Assay | Implied Acceptance Criteria (Based on Submitted Data) | Reported Device Performance (Coefficient of Correlation, r) |
---|---|---|
LA1 Screening Reagent (seconds) | High correlation (e.g., r >= 0.95 for substantial equivalence to predicate) | 0.967 |
LA1 Screening Reagent (normalized) | High correlation (e.g., r >= 0.95 for substantial equivalence to predicate) | 0.967 |
LA2 Confirmation Reagent (seconds) | High correlation (e.g., r >= 0.95 for substantial equivalence to predicate) | 0.956 |
LA2 Confirmation Reagent (normalized) | High correlation (e.g., r >= 0.95 for substantial equivalence to predicate) | 0.956 |
LA1/LA2 Ratio | High correlation (e.g., r >= 0.95 for substantial equivalence to predicate) | 0.964 |
LA1/LA2 Ratio (normalized) | High correlation (e.g., r >= 0.95 for substantial equivalence to predicate) | 0.964 |
Study Proving Device Meets Acceptance Criteria:
The study proving the device meets the implied acceptance criteria is a method comparison study evaluating plasma samples on the modified BCS™ System against the predicate device, the Sysmex® CA-6000 System.
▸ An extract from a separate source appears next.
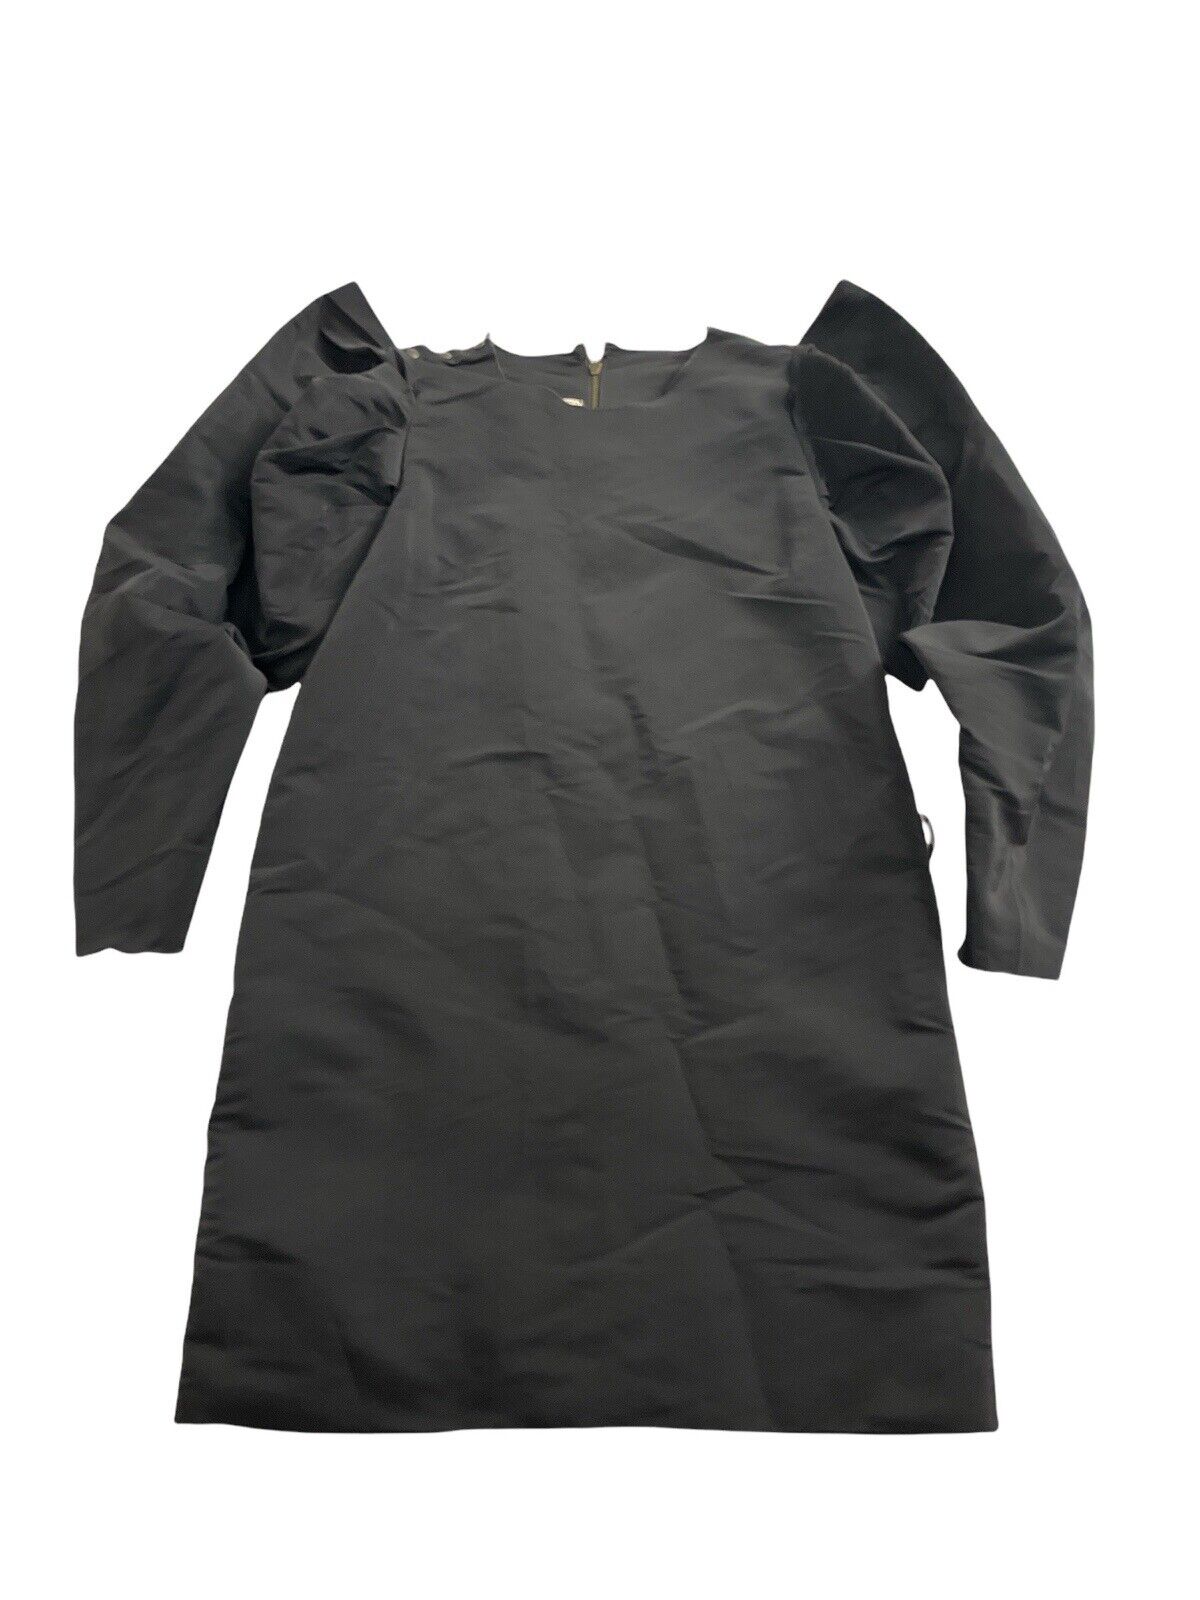 H&M Lanvin Sz 4 black structured taffeta dress

2. Sample Size Used for the Test Set and Data Provenance
- Sample Size (Test Set):
- LA1 Screening Reagent (seconds & normalized): 202 samples
- LA2 Confirmation Reagent (seconds & normalized): 196 samples
- LA1/LA2 Ratio (raw & normalized): 194 samples
- Data Provenance: The document does not explicitly state the country of origin or whether the data was retrospective or prospective. Given it's a 510(k) submission for a medical device modification, it's highly likely to be prospective data collected specifically for this submission to demonstrate performance in a controlled environment. The manufacturer, Dade Behring Inc., has locations in Germany and the USA, but the specific origin of the samples is not provided.
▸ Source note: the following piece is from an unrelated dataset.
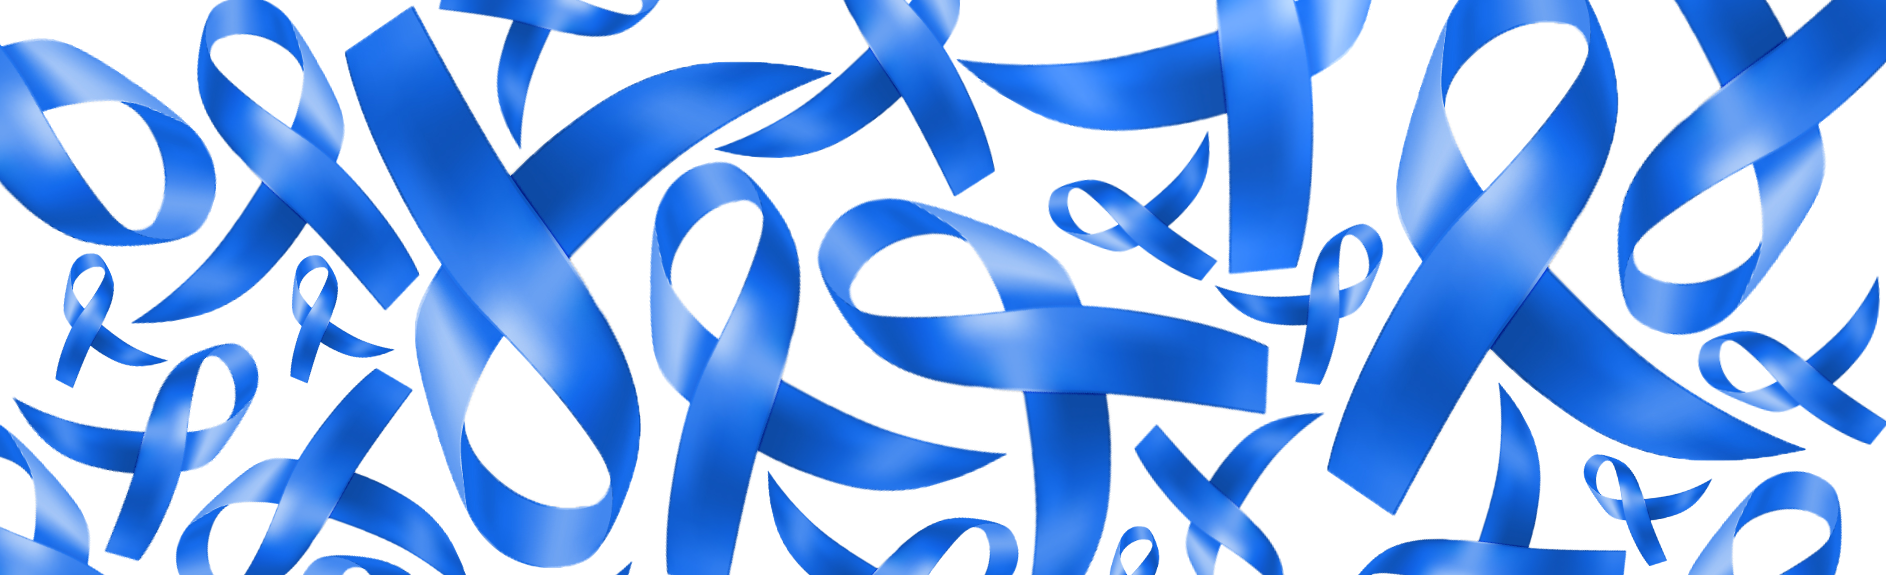 Royal blue colorectal cancer awareness ribbons

3. Number of Experts Used to Establish the Ground Truth for the Test Set and Qualifications of Those Experts
The document does not mention the use of experts to establish a "ground truth" for the test set in the traditional sense of consensus interpretation. The study is a method comparison against a legally marketed predicate device (Sysmex® CA-6000 System). The results from the predicate device serve as the reference for comparison, not an expert-derived ground truth.
4. Adjudication Method for the Test Set
Not applicable. This was a method comparison study between two automated systems, not a study involving human interpretation that would require adjudication.
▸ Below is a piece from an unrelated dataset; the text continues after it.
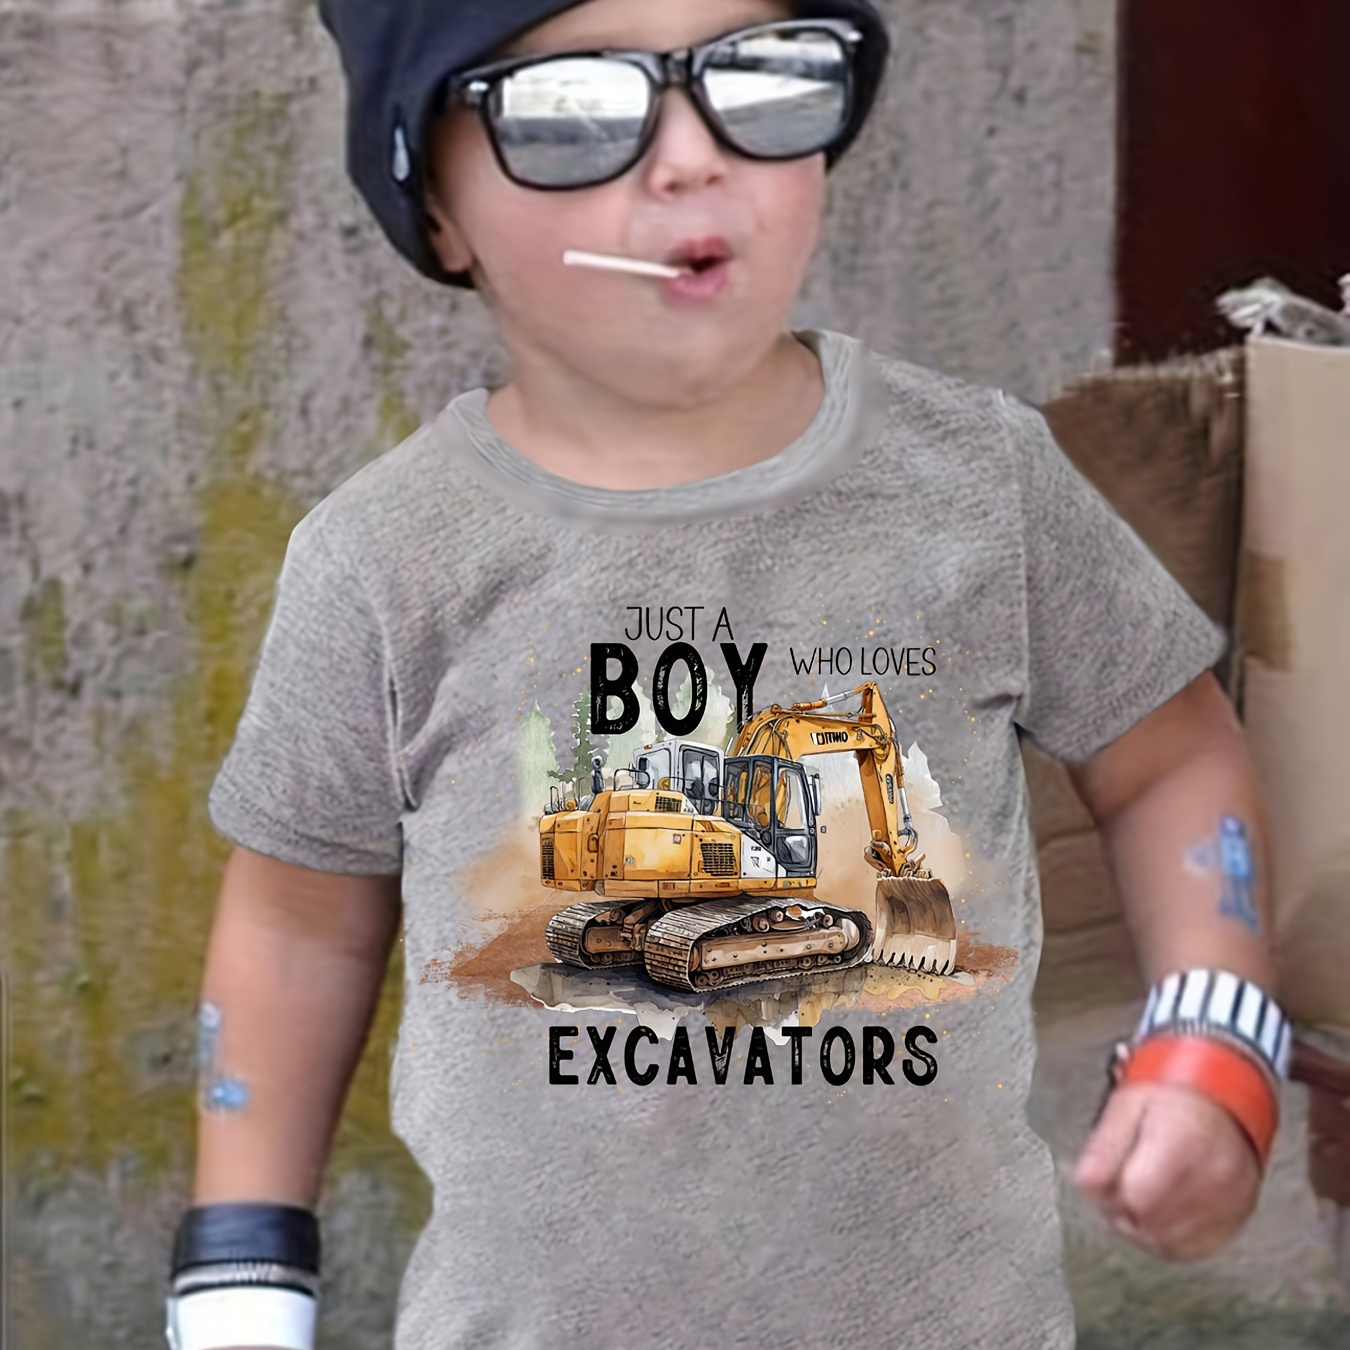 

Pure Cotton - Casual Versatile Boys' Summer Tops - Letters & Excavator Print Short Sleeve Crew Neck T-shirt Trendy Gift

5. If a Multi-Reader Multi-Case (MRMC) Comparative Effectiveness Study Was Done, If So, What Was the Effect Size of How Much Human Readers Improve with AI vs Without AI Assistance
No. This document describes an automated coagulation analyzer (BCS™ System). It does not involve human readers or AI assistance in the interpretation of results. It compares the performance of one automated device against another.
6. If a Standalone (i.e., algorithm only without human-in-the-loop performance) Was Done
Yes, this was a standalone performance study of the BCS™ System. The device itself is an automated system; there is no human-in-the-loop performance component described in the context of generating the quantitative results being evaluated. The comparison is between two fully automated systems.
7. The Type of Ground Truth Used
The "ground truth" for this study was the results obtained from the legally marketed predicate device, the Sysmex® CA-6000 System. This is a common approach in 510(k) submissions for demonstrating substantial equivalence of in vitro diagnostic devices.
8. The Sample Size for the Training Set
The document does not provide information on a training set. This type of 510(k) submission for a device modification typically focuses on verification and validation studies of the modified device's performance, often through method comparison or clinical validity studies. Development and training data for the device's algorithms (if any, though this is a photometric coagulation analyzer rather than a complex AI system) are usually not detailed in 510(k) summaries unless they specifically pertain to a new algorithm or AI component.
9. How the Ground Truth for the Training Set Was Established
Not applicable, as no training set information is provided in the document.